About

Research shaped by classrooms, public questions, and the social consequences of assessment

I began my career as a high school English language arts teacher. That experience continues to shape how I think about literacy assessment: not as a narrow technical exercise, but as a set of judgments with real consequences for learners, teachers, and institutions.

First-person Overview

I hold a master’s degree in Teaching English as a Second Language and a PhD in Secondary Education with a focus on writing assessment. At the University of Lethbridge, I serve as Professor and Associate Dean in the Faculty of Education. I also serve as Co-Editor-in-Chief of Assessing Writing.

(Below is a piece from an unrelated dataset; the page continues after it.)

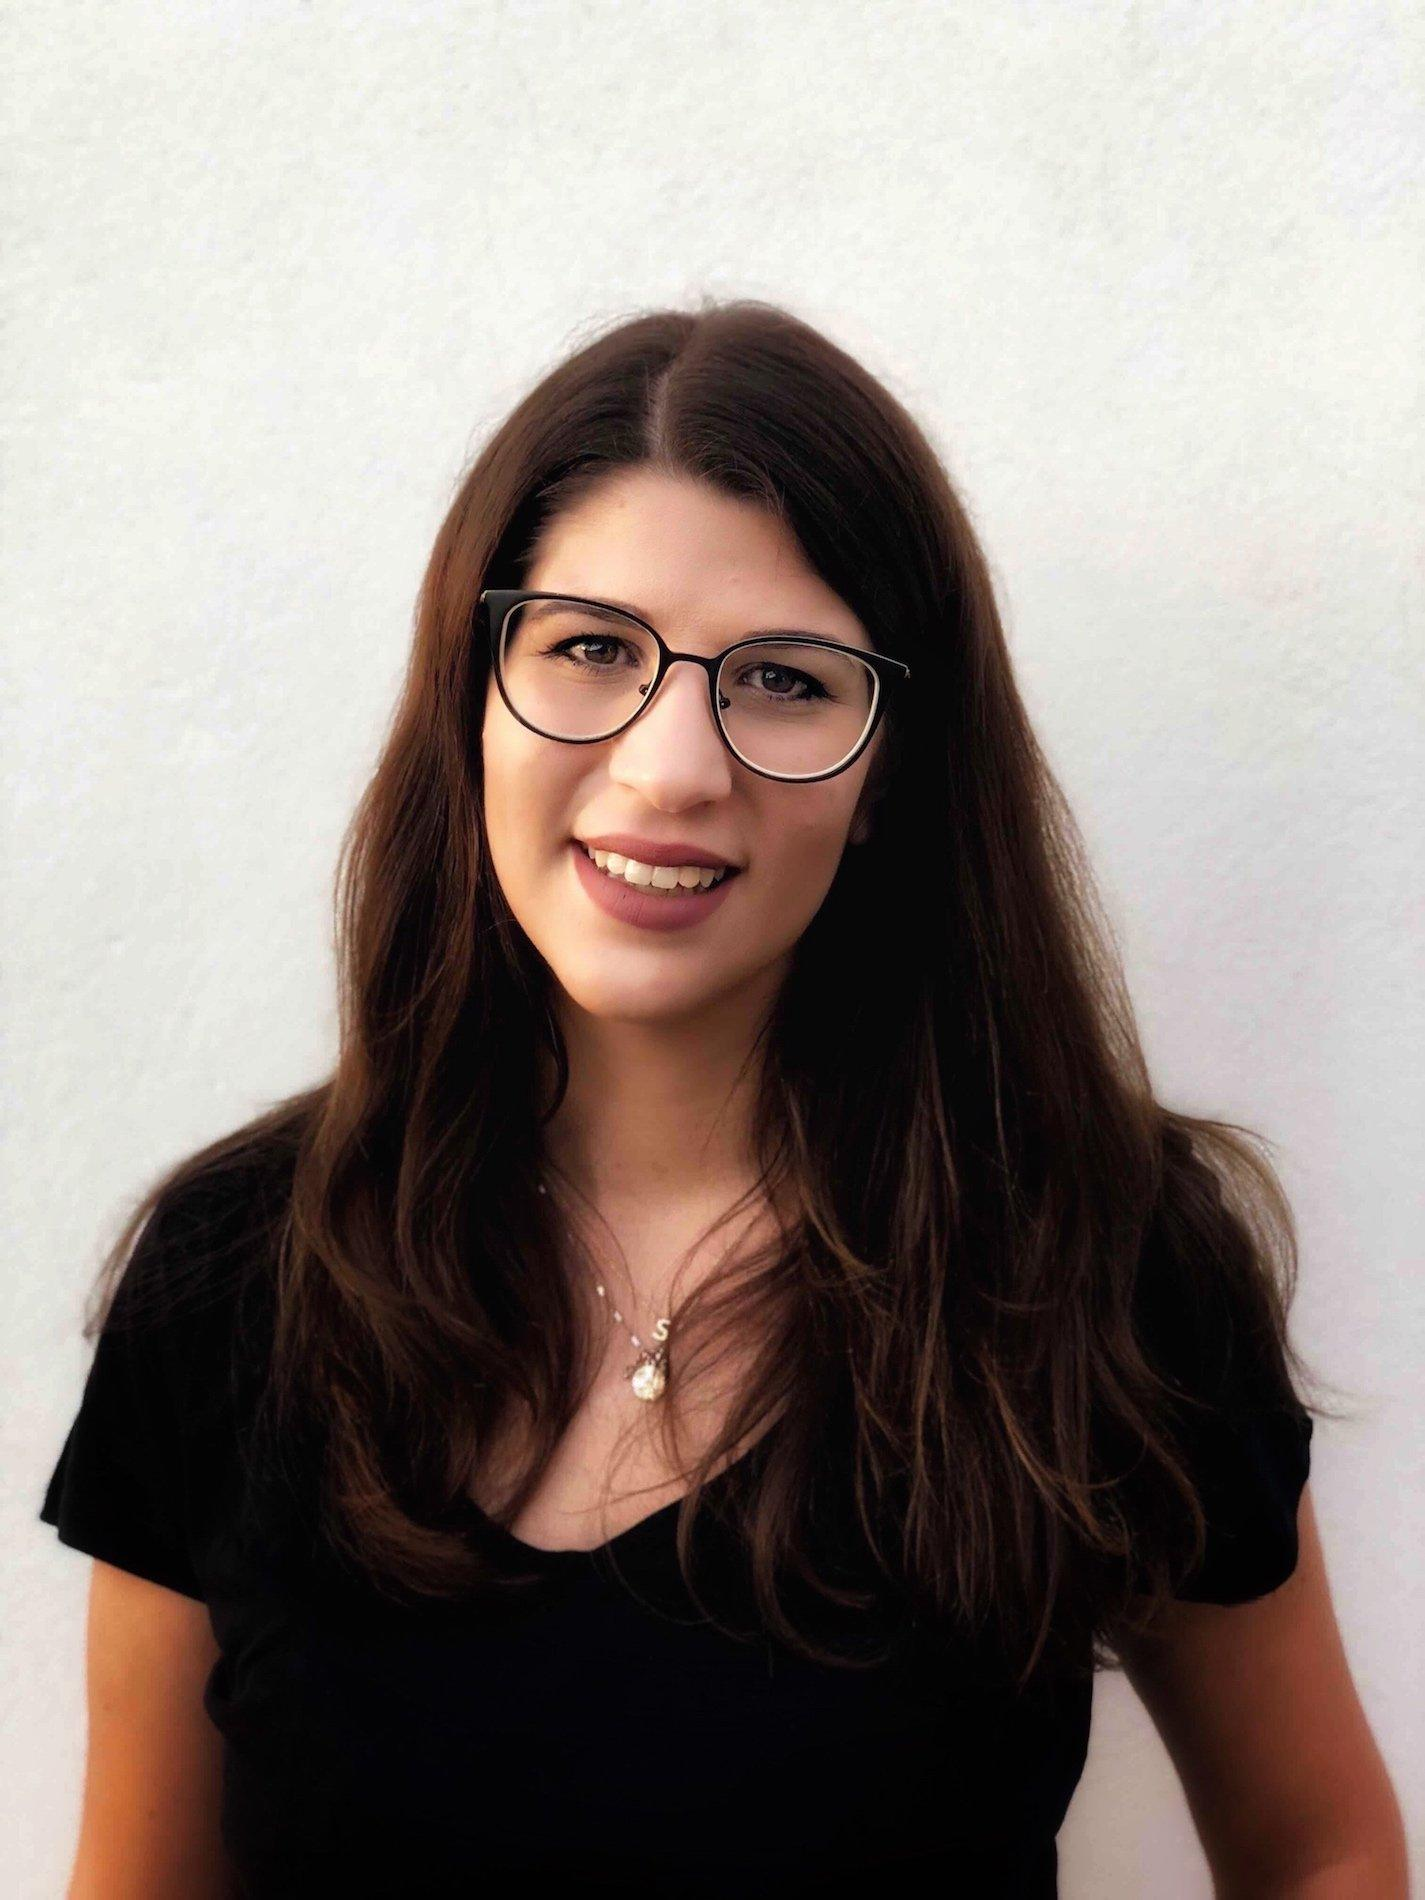 Silvia Senese

My work asks how writing and literacy assessments can be designed to be valid, fair, ethical, and publicly accountable. Across that broad agenda, I have examined the social consequences of large-scale assessment, the development of writing ability, sociocognitive models of writing expertise, justice-oriented and antiracist validation, and the challenges of assessment in digital and AI-mediated environments.

I try to connect scholarship to the larger questions that shape public life: access to learning, human dignity, democratic participation, and the role assessment plays in either expanding or narrowing opportunity.

Selected roles and recognitions

Current leadership roles

  • Professor and Associate Dean, Faculty of Education, University of Lethbridge
  • Co-Editor-in-Chief, Assessing Writing
  • Member, International Literacy Association Assessment Task Force

Recognition and reach

  • 1,100+ citations to date
  • 2025 Albert J. Harris Award, International Literacy Association
  • Board of Governors’ Teaching Chair, University of Lethbridge
  • Writing Program Certificate of Excellence, Conference on College Composition and Communication

Research and policy partnerships

  • SSHRC-funded research and institutional leadership
  • Projects and advisory work with Alberta Education, Center for Assessment, and Educational Testing Service
  • International collaborations extending to the United States and South America

Public and graduate-facing work

  • Teacher-facing scholarship and professional learning
  • Media commentary and op-ed writing
  • Award-winning graduate supervision and editorial mentorship
Core question: How do we design the next generation of writing and literacy assessments so that they intentionally advance access to learning, human dignity, and democratic participation?